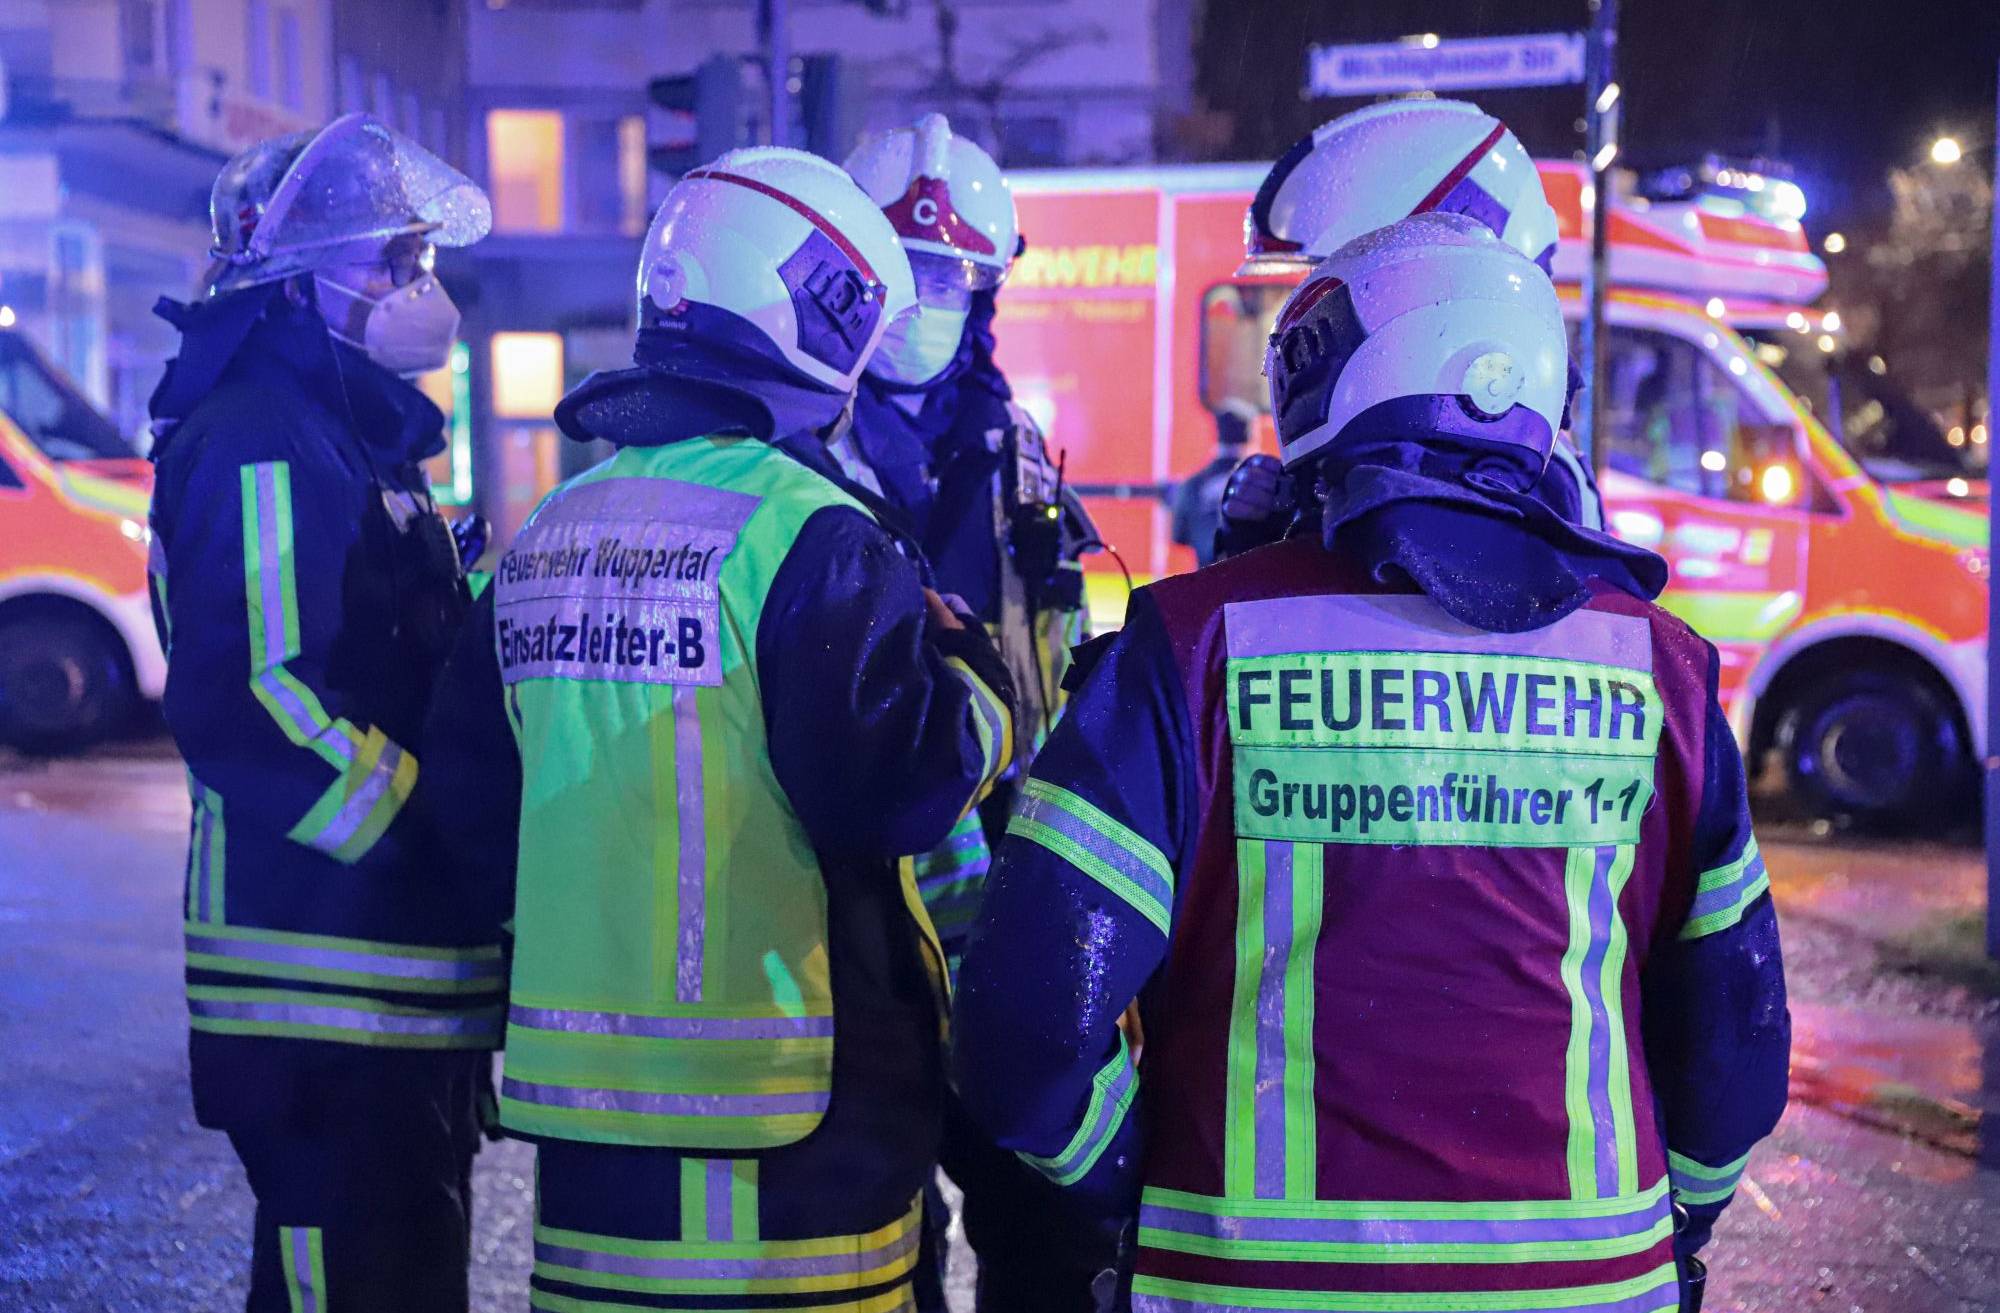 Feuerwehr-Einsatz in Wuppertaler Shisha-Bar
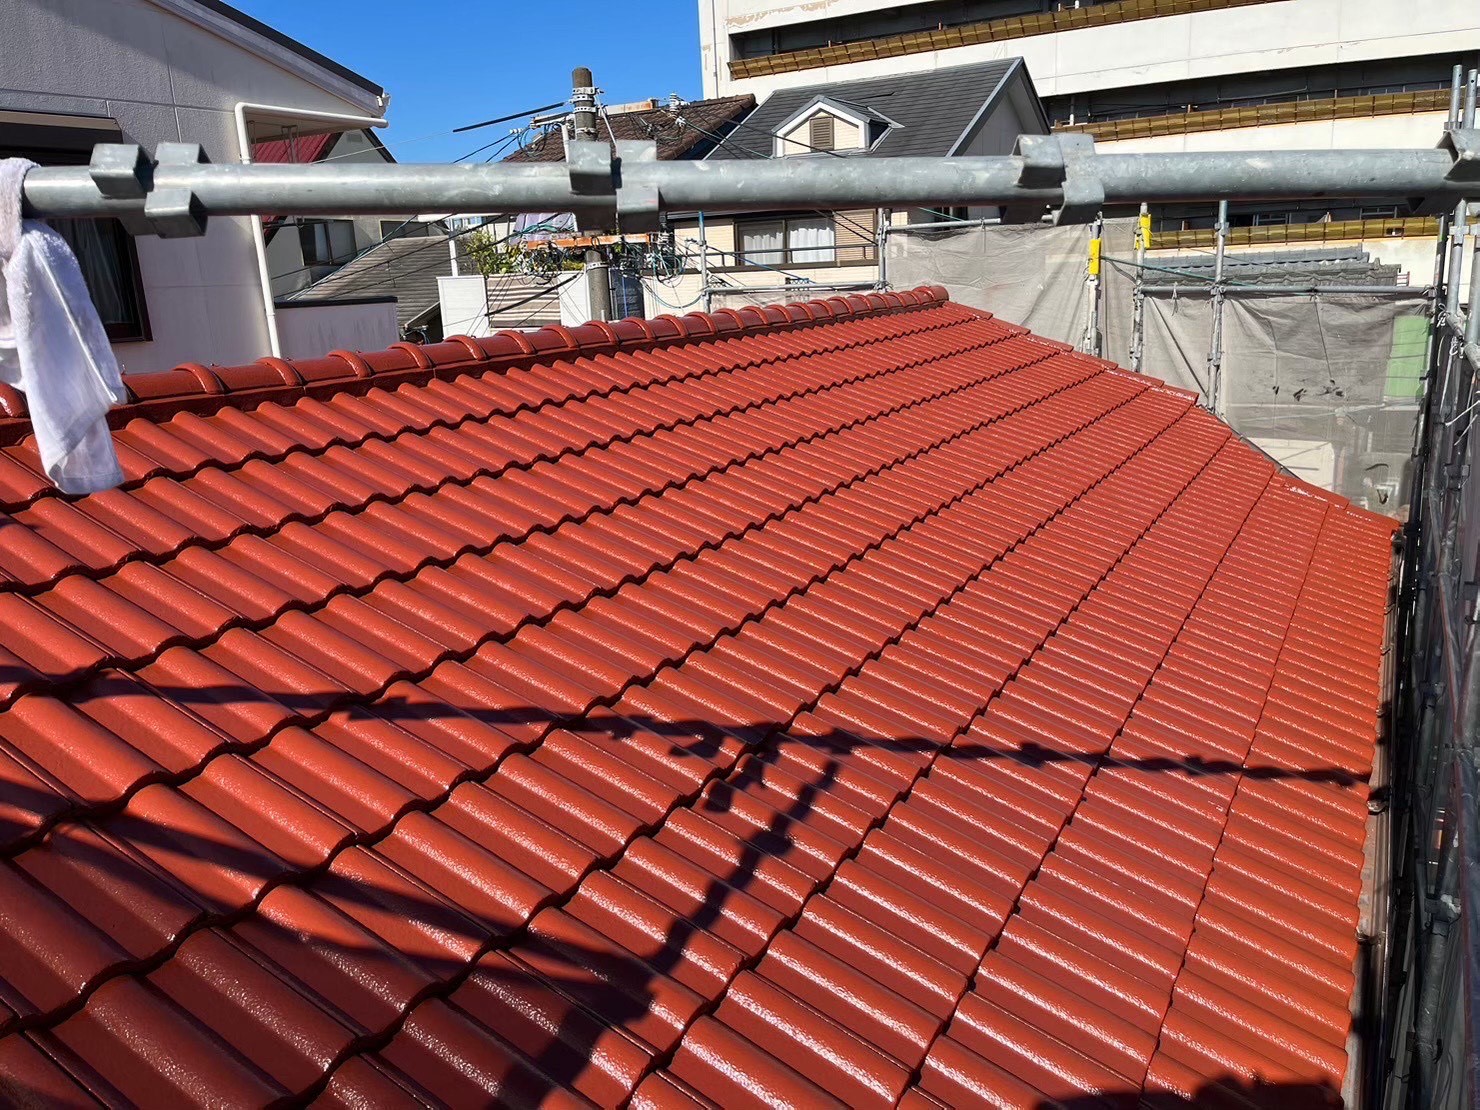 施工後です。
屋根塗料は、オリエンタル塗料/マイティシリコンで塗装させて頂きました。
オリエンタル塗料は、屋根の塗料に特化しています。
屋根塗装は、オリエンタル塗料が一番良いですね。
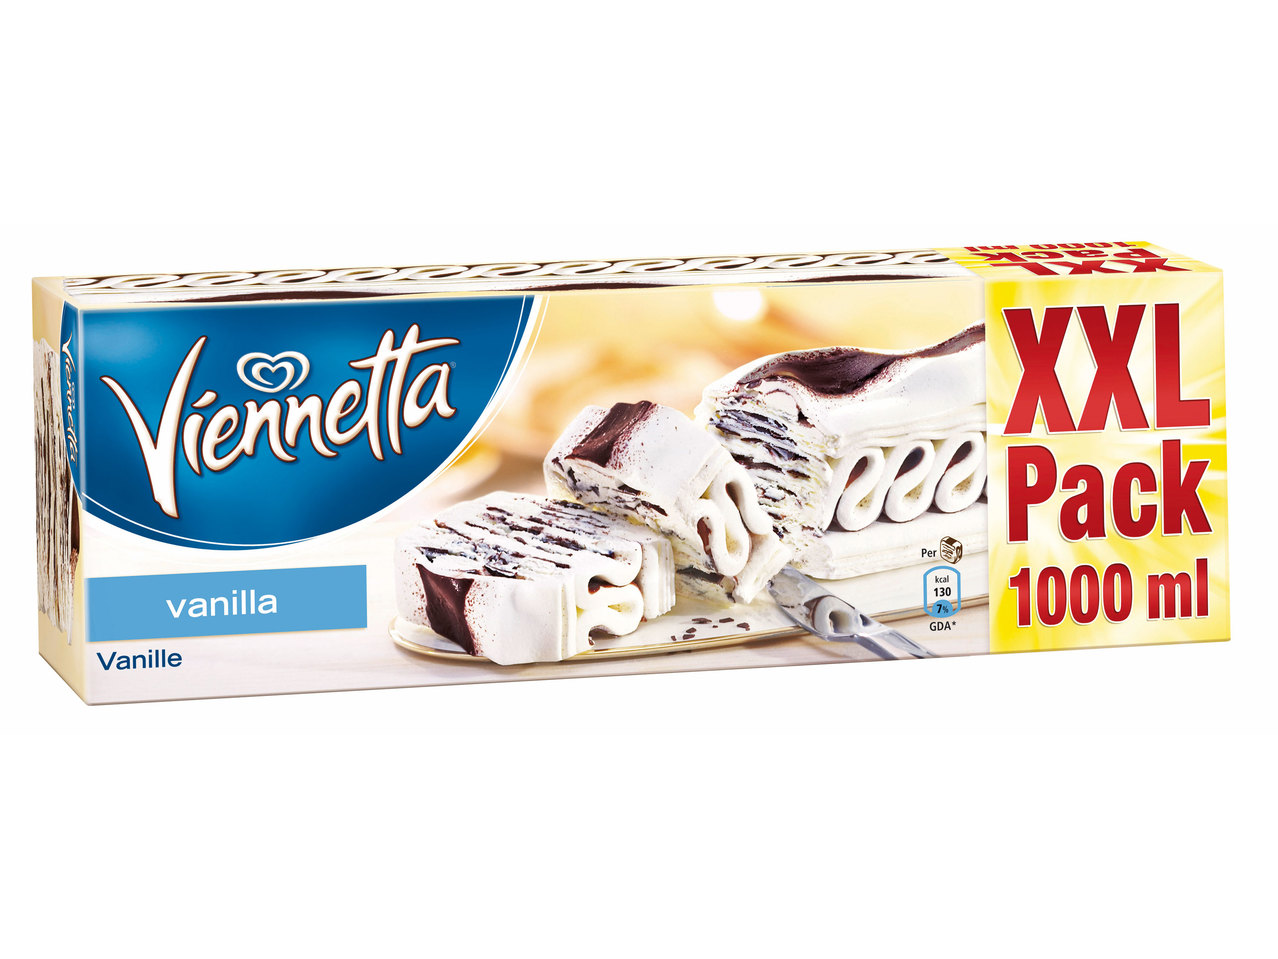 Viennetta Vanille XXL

· · · ·

▶ PROBLEM TO WORK ON
Only the pictures are to be left out; repeat everything else in the records above exactly.

▶ SOLVED PROBLEM
 Feuerwehr-Einsatz in Wuppertaler Shisha-Bar
 施工後です。
屋根塗料は、オリエンタル塗料/マイティシリコンで塗装させて頂きました。
オリエンタル塗料は、屋根の塗料に特化しています。
屋根塗装は、オリエンタル塗料が一番良いですね。
 Viennetta Vanille XXL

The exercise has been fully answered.